VIPER would work well with data-driven applications. Notably “drill-down” type of applications with many kinds of top-level view controllers. Examples would include shopping apps, museum guides, or even personal finance applications.

In contrast, apps without navigation probably won’t benefit much from adopting VIPER architecture. Apps like the built-in iOS’ Reminders App should probably stick to plain MVC or maybe MVVM architectures. Without navigation, the “router” component of VIPER may not be necessary. Just like multi-page storyboards aren’t necessary in these kind of applications. Without a “router” component, VIPER devolves into something akin to MVVM architecture where the “presenter” of VIPER becomes analogous to the “view-model” of MVVM.

Very simple apps won’t benefit from VIPER. Specifically apps with only one or two use cases. Remember that an interactor maps to a use case. When the app only has one use-case for its entire foreseen lifetime, interactor methods would probably be too simple thus refactoring it out may add unnecessary complexity. Again, stick to plain MVC or MVVM with the “model” or “view-model” definitions be part of the core “domain” layer (and not have separate “business logic” layer to not add unnecessary complexity).

Likewise VIPER won’t be a good fit for technical demos or sample code. There’s a reason why many code samples in Apple’s documentation tend to shove code into the view controller subclass or application delegate – those projects are meant to demonstrate how to use an API, not how to create a maintainable application. The authors of such projects need to minimize code that are not relevant in demonstrating the API.

If unit testing is not a priority for the project, then likely VIPER won’t be beneficial. One major benefit of VIPER is to allow testing of presentation logic without the actual presentation. You don’t need to resort to UI testing for a large part of the UI code, since most of the UI logic lies in the presenter and wireframe classes. You can hook a presenter with a surrogate view controller subclass specifically designed for unit testing and then assert whether the presenter call the correct methods in response to stimuli of the unit test — à’la brain in a vat experiment.

Clean Architecture should be applicable to most apps that would be maintained. That is, software that are intended to last for a long time without going through a major re-write.

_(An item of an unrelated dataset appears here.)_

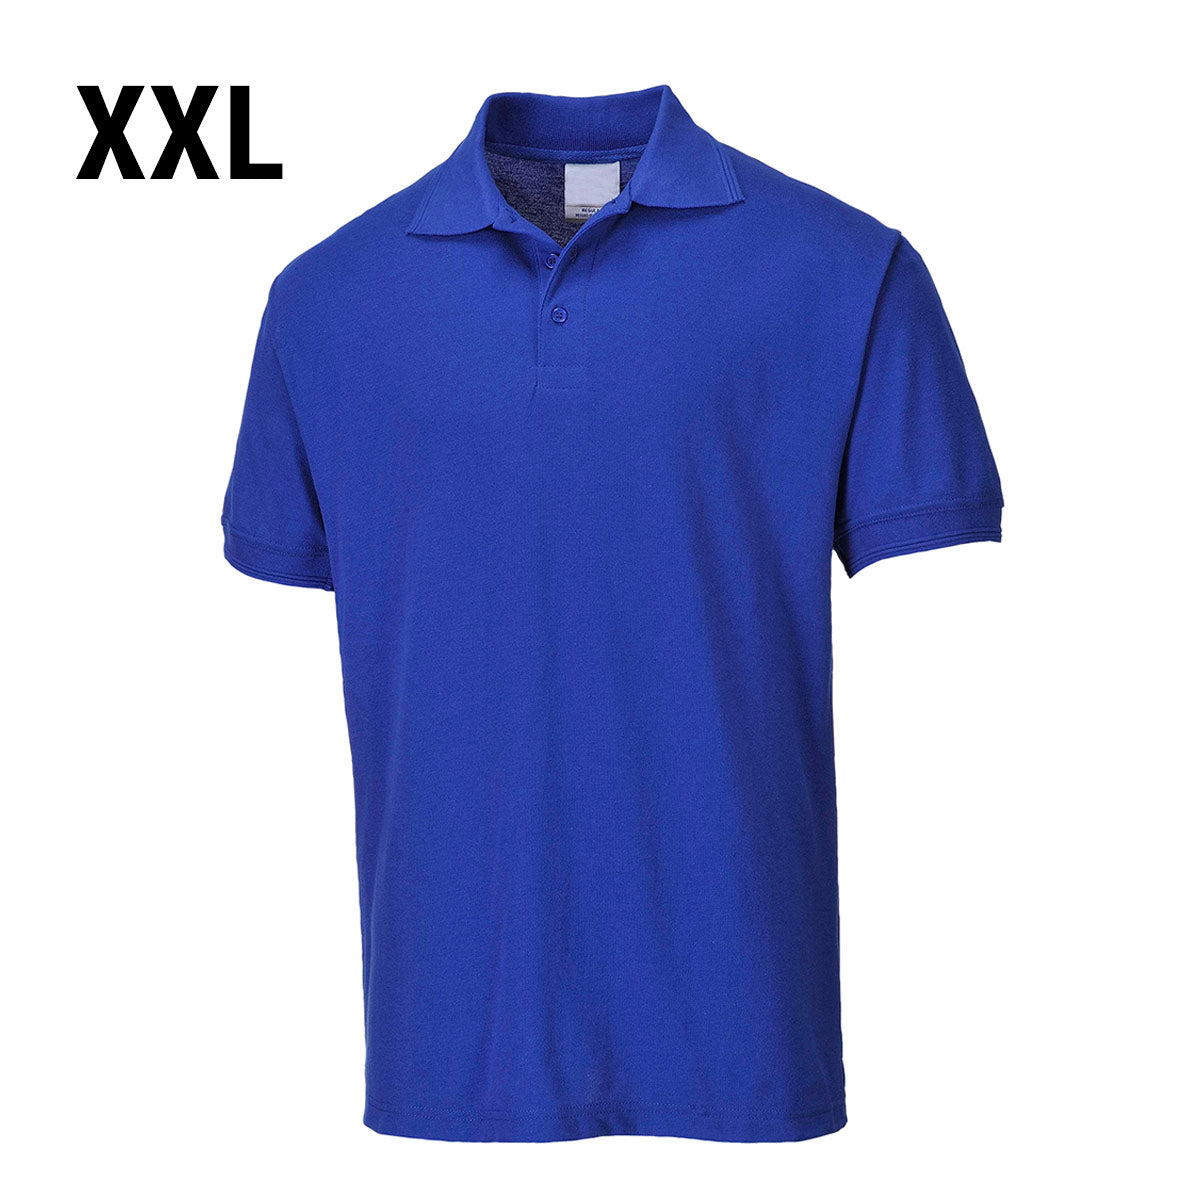 Poloskjorte for menn - kongeblå - størrelse: XXL
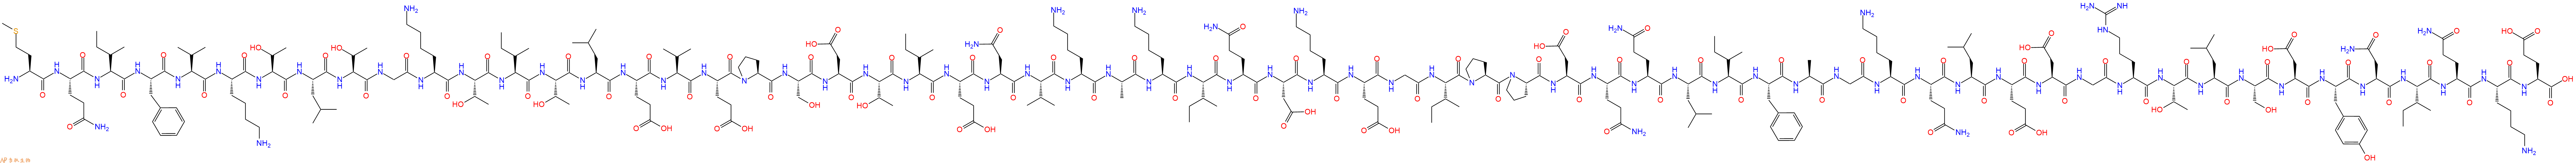 专肽生物产品Met-Gln-Ile-Phe-Val-Lys-Thr-Leu-Thr-Gly-Lys-Thr-Il

But single-shot “release, bugfix, abandon” type applications probably won’t benefit from Clean Architecture. In a “single-shot” project, overheads invested in a “longetivity-oriented” architecture won’t pay off. Examples include many agencies’ “fixed price” contracts — any overhead invested by the agency would only increase costs and won’t be recouped during maintenance since there isn’t any maintenance period. Similarly many games probably won’t benefit since a lot of studios only release a particular game once, maybe one or two bugfix follow-ups afterwards, and then move on to the next project. Hackathon projects also shouldn’t try to apply Clean Architecture 😉.

Next Steps

Now you’ve understood what is Clean Architecture, VIPER, and how to apply those techniques into an iOS app. You should apply the knowledge as soon as possible so that this knowledge sticks.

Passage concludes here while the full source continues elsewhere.